Ten years ago, Britain possessed no oil, to-day she is independent, to-morrow she will be mistress. The feat has been accomplished by the silent efforts of a few men such as Sir Marcus Samuel, chairman of the Shell, Lord Cowdray (Pearson), Lord Curzon, formerly Viceroy of India, Sir John Cadman, technical adviser to the British Government, Professor in the University of Birmingham, and Chairman of the Inter-Allied Petroleum Conference during the War, Lord Strathcona, creator of the Canadian railways, who played a great part in the Anglo-Persian, and, above all, Admiral Lord Fisher.

These men acted even without the knowledge of the British people and its parliamentary representatives. Their fellow-countrymen and their opponents only heard of their activities when they had endowed their country with a world-wide oil empire.

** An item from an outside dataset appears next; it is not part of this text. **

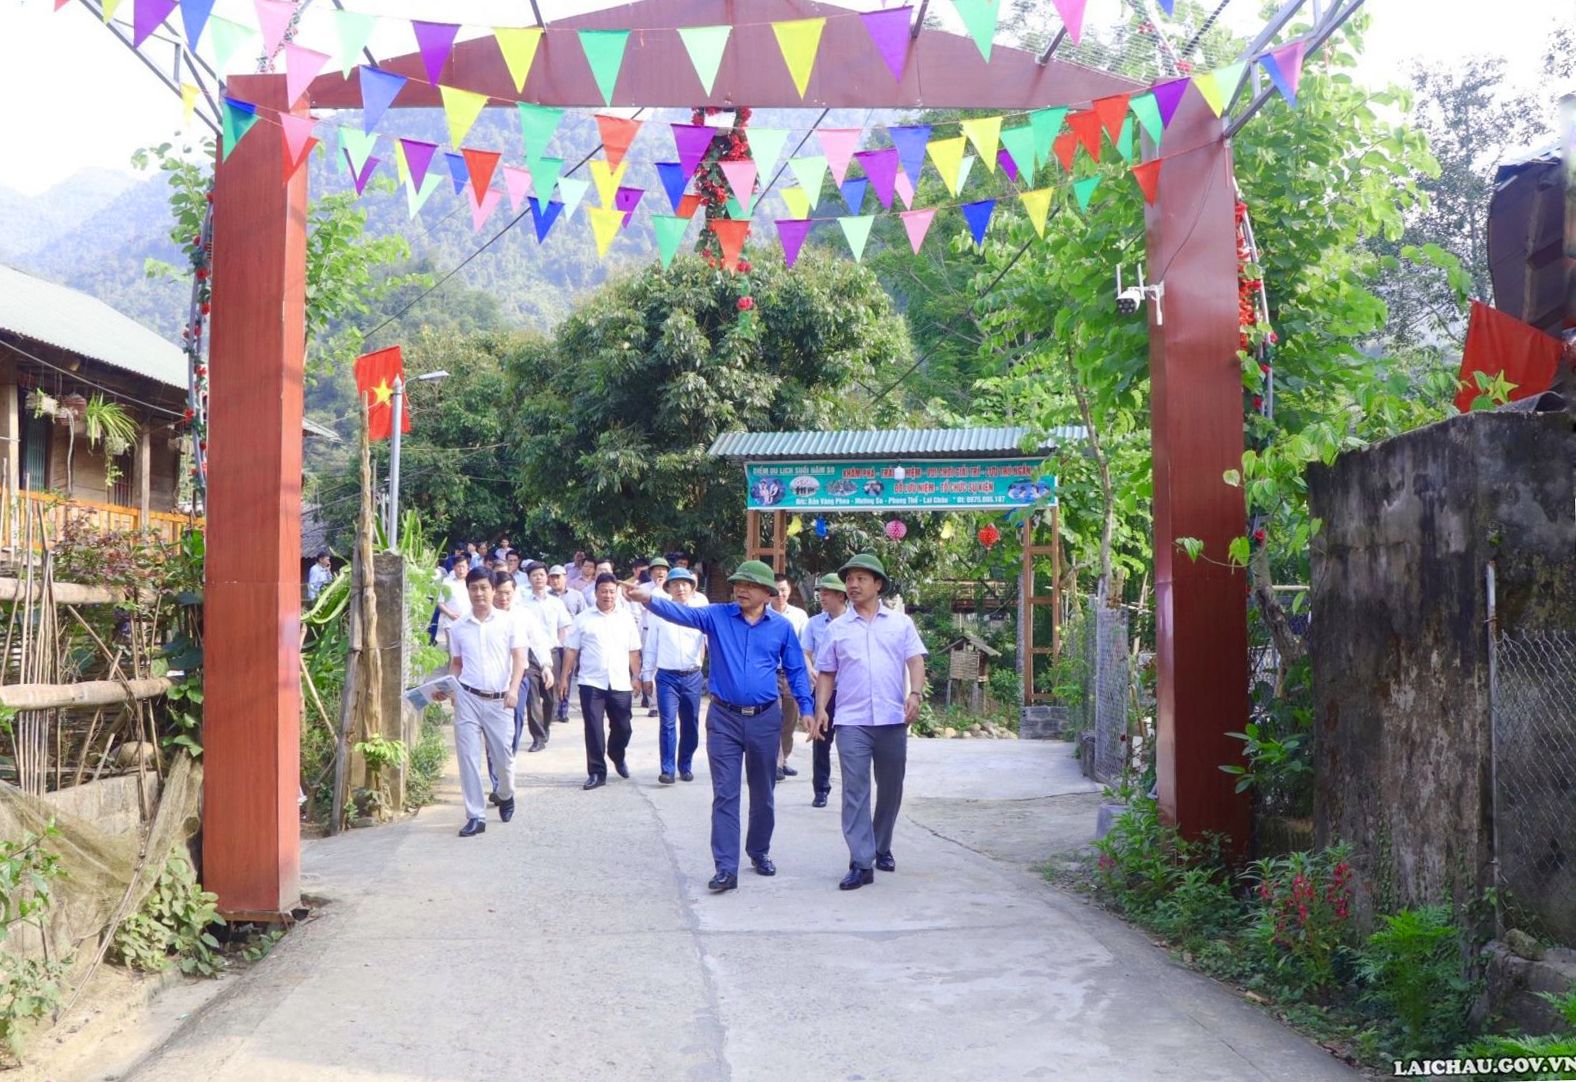 Lai Chau is the province with the leading agricultural development support policy in the country

There was veritable amazement in the House of Commons when it was informed of what Lord Fisher and Lord Strathcona had done with the Anglo-Persian. Their work narrowly escaped undoing. Lord Fisher himself described, in September 1919, the opposition he met with, even among his colleagues. "I was dubbed 'an oil maniac' when I was at the Admiralty in 1885. Lord Ripon, the First Lord, sent for me and told me I was called a Radical enthusiast and nicknamed 'Gambetta,' and said he meant to make me a member of the Board of Admiralty. I told him all the rest of the Board would leave. He saw me a week after and confessed it was so; but, thank God! I was spared to be Director of Naval Ordnance instead."

Lord Fisher experienced the same difficulties when he wished to equip the British Navy with submarines. It is to him, and to the Bethlehem Steel Works (United States), that the Allies owed the prompt completion of the special type of submarines which "went, unconvoyed from America to the Dardanelles and acted there prodigiously." A few of these submarines which succeeded in passing through the wire nets of Chanak-Nagara, for a long time controlled the Sea of Marmora and prevented the Turks from taking supplies by sea to their fortifications on the Straits. Oil supremacy and naval supremacy go hand-in-hand. When he wished to give his country empire over oil, Lord Fisher's principal object was to preserve her dominion over the seas. For that fleet will be victorious which has at its disposal the most abundant sources of oil. Ships using oil have driven out those burning coal, just as the latter replaced sailing ships.

When we compare the results obtained by France and by Britain, on whose soil it seems that no deposits of mineral oil have yet been discovered (a fact which rendered Lord Fisher's task none the easier); and when we see Britain mistress of nearly all the oil remaining in the world, we stand confounded with admiration before the genius of those to whom she owes such an empire.

British Oil Policy

Having been obliged to allow the first place to America, the country which first discovered oil, and which until recently produced 70 per cent. of the world's output, Great Britain began to gain upon her by keeping command of oil-carrying ships. Whoever transports a commodity controls it, and is master of it up to a certain point, for he is the indispensable intermediary for those who wish to obtain it. Should any difficulty arise, the transporter, according as he fulfils his office or not, grants or withholds supplies for the markets, as he pleases. The British genius has always sought to compensate, by maritime superiority, for the inferiority of Great Britain in certain respects. If the United States occupied the first place among producers of oil, they ranked second to Great Britain as transporters. Great Britain, understanding that oil "is destined to play the same part in the world as coal, cotton or steel," made a special point of retaining control of oil-carrying ships. It was a thrilling duel.

The world tonnage of tank-steamers rose by June 30, 1919, to 2,616,000, tons, of which 1,500,000 tons sailed under the British flag, 1,000,000 tons under the American. In June, 1920, the United States had gained the first position. They had 308 tank-steamers, amounting to 1,734,843 tons, or 51 per cent. of the whole (3,386,091 tons). On January 1, 1921, the supremacy of Great Britain was restored. Of the 524 oil-steamers afloat, 252 belonged to her, the United States having only 191. But she lost this position again six months later.